We have to have a system that allows blind people to maintain a secret
ballot.  This requirement is pretty much absolute, I would say.

> In addition, how does a blind person do a write-in vote?  ...
>
As with current DREs, they use a device with mechanical buttons.  It's also
likely (the Help America Vote Act pretty much mandates it) that there will
be one system set up at each polling place that will be specially outfitted
for disabled voters.  Generally I don't think the voting machines will have
attached keyboards, but the one for disabled voters might include one.

> Or someone who is illiterate and hard of hearing? ...
>
We are not going to do much with this for the demo.  These are issues that
require a lot of time and effort to study.

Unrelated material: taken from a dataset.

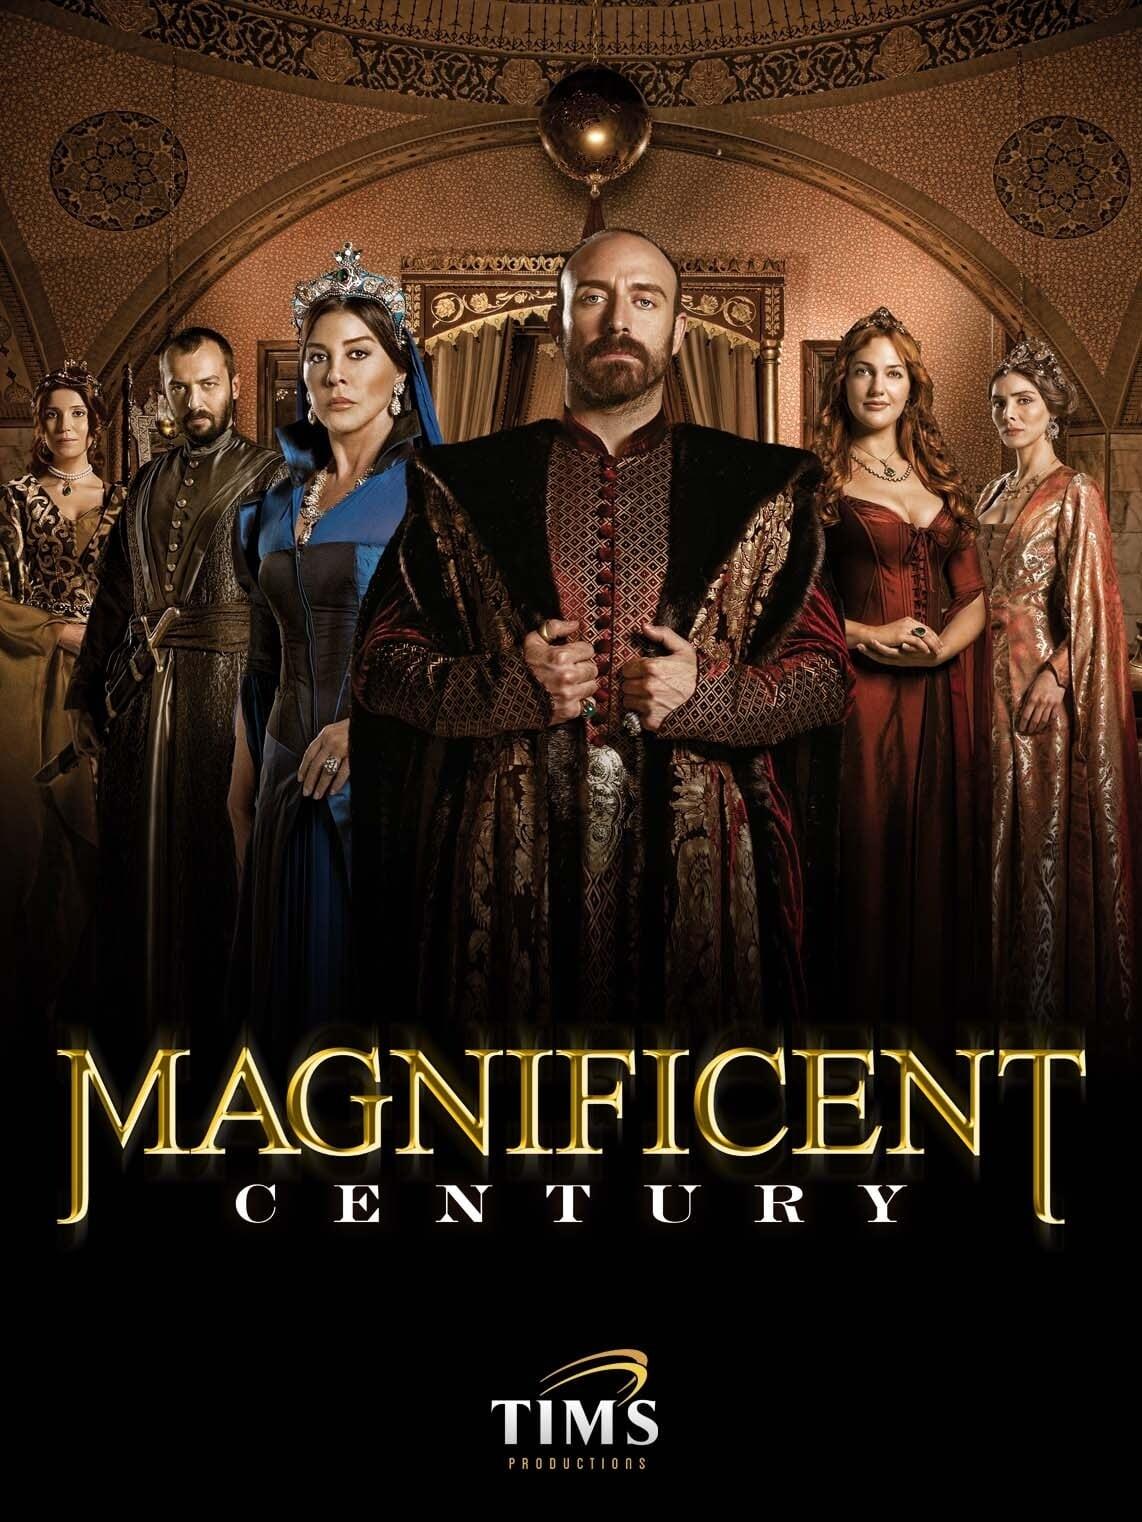 Magnificent Century
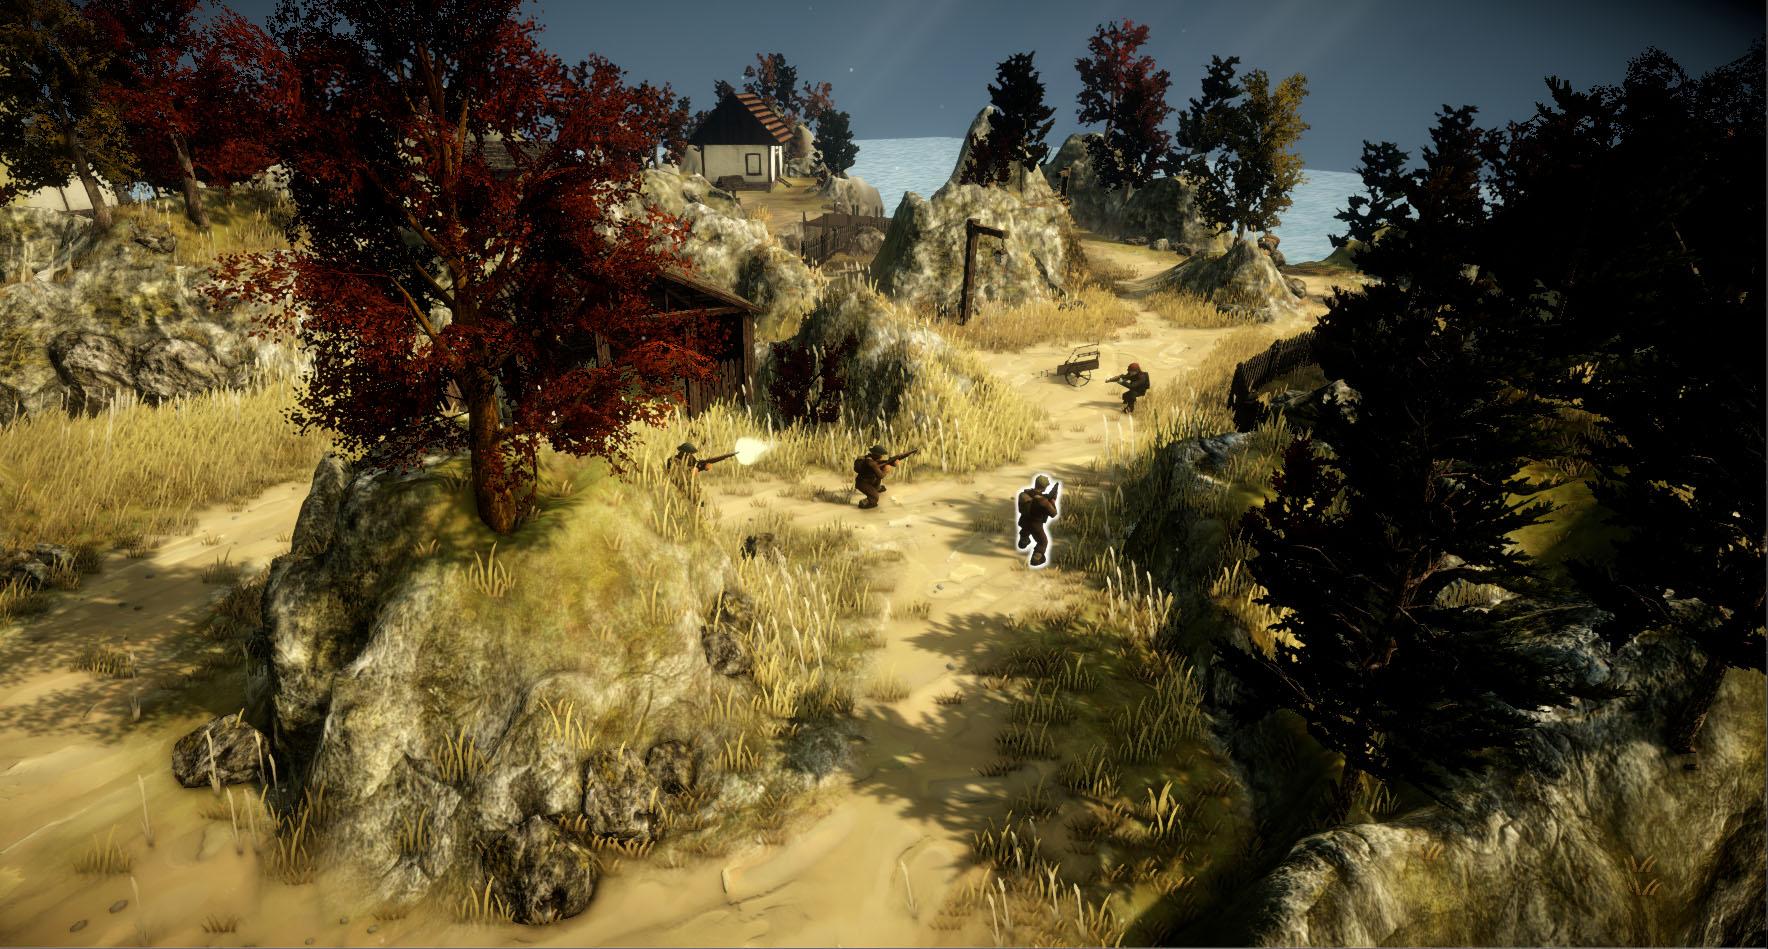 7BrokenLines level screenshot 20 2

> > So, please let me know what you think about using Python for this demo.
> > Also, if you are a Python expert and would like to help as a volunteer
> > (we're all volunteers until the project gets funding), please contact me
> > ASAP.  We want to have a demo running very soon!  -- within a few weeks.
>
> Python would do this just fine.  There are the various GUI projects, but
> this sounds like a good place for pygame.
>
Okay, thanks for your input.

> My caution though is that usability testing for this is deeply hard,
> and I would advise against "a few weeks" even for demo prototype
> code as you suggest.
>
Darn!  Things usually takes longer than we want.  We're not going to do a
great deal of usability testing for the demo.  Mainly, we want to
demonstrate that cheap trailing-edge PCs can make great voting machines.
It's understood that we will have some lack of functionality and rough edges
that will be worked out in the full study.  Also worth noting: the PC voting
machine software is a very small part of the overall problem.